Solvent-Free Synthesis of Copper Nanoparticles

Solvent-Free Synthesis of Copper Nanoparticles

Author: ChemistryViews.org

Metal nanoparticles (NPs) have useful properties for applications in, e.g, catalysis, optics, or medicine. These properties strongly depend on the particles’ size and shape. Thus, finding improved ways to prepare monodisperse NPs (i.e., NPs with a narrow size distribution) is important. Existing approaches for the synthesis of monodisperse copper NPs, for example, use harmful reducing agents in dilute solutions.
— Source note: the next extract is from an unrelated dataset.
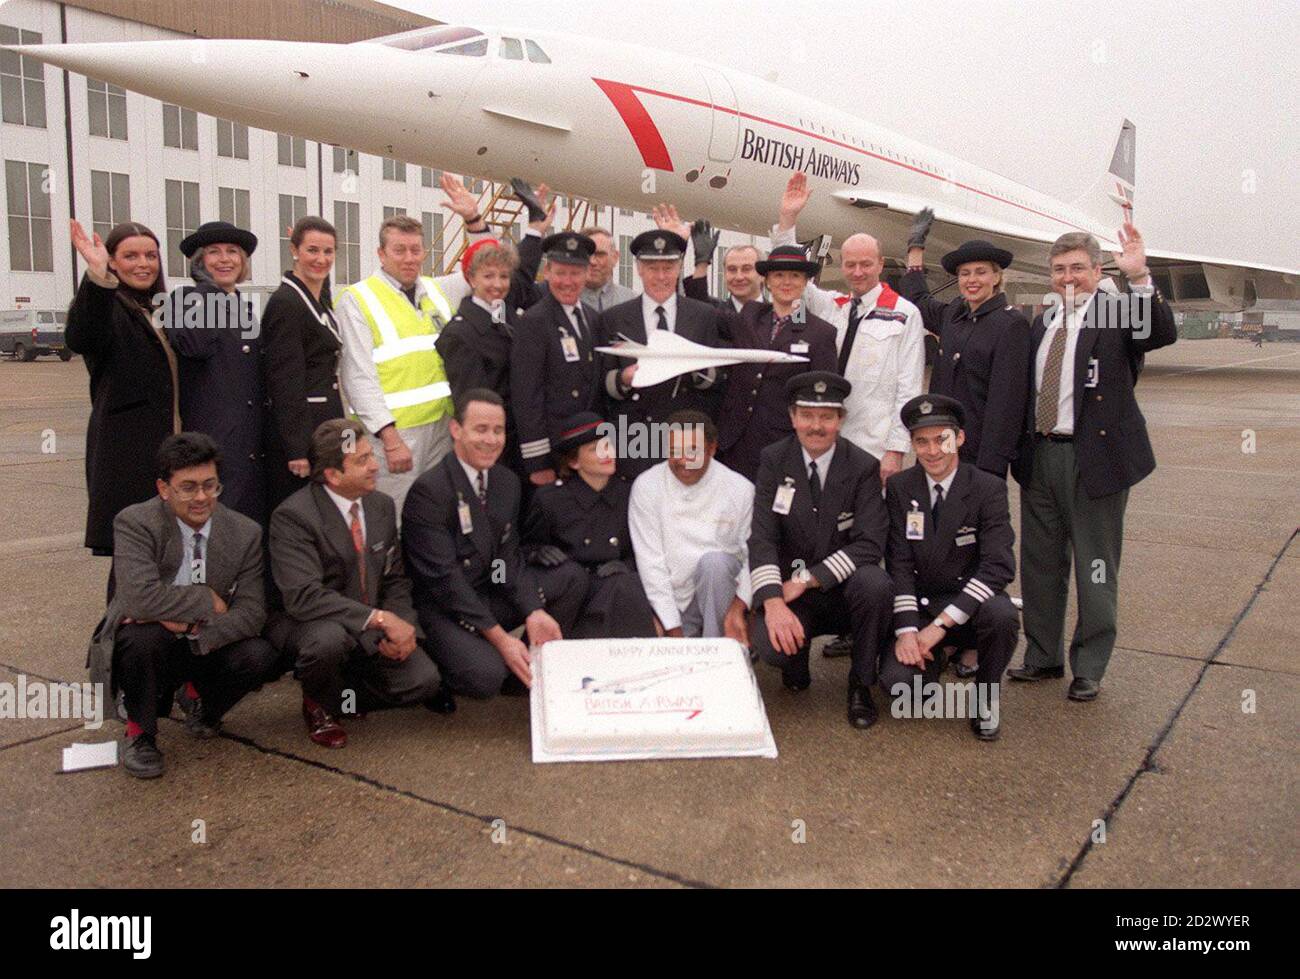 Vingt membres du personnel de Concorde, du pilote au nettoyeur, célèbrent aujourd'hui le vingtième anniversaire du premier vol commercial des célèbres avions à Londres Heathrow (vendredi). Depuis ce premier vol vers Bahreïn, Concorde a effectué l'équivalent de plus de 200 vols aller-retour vers la Lune. Banque D'Images

Takanari Togashi, Masato Kurihara, and colleagues, Yamagata University, Japan, have developed a method to synthesize monodisperse Cu NPs based on the thermal decomposition of an oleylamine-coordinated Cu oxalate complex in oleylamine in air without a reducing agent. The team prepared the complex by combining copper oxalate, oleylamine, and methanol in solution and removing the product by centrifugation. The complex was then dried, mixed with oleylamine, and heated to prepare the Cu NPs. During this process, the oxalate was converted to CO2 gas.

The size distribution of the resulting NPs depends strongly on the decomposition temperature and becomes narrower with increasing temperature. NPs synthesized at 260 °C have an average diameter of 13.8 nm. The NPs were obtained in high yields of about 90 %. According to the researchers, the developed thermal decomposition of alkylamine-oxalate complexes is a useful approach for the synthesis of monodisperse metal NPs.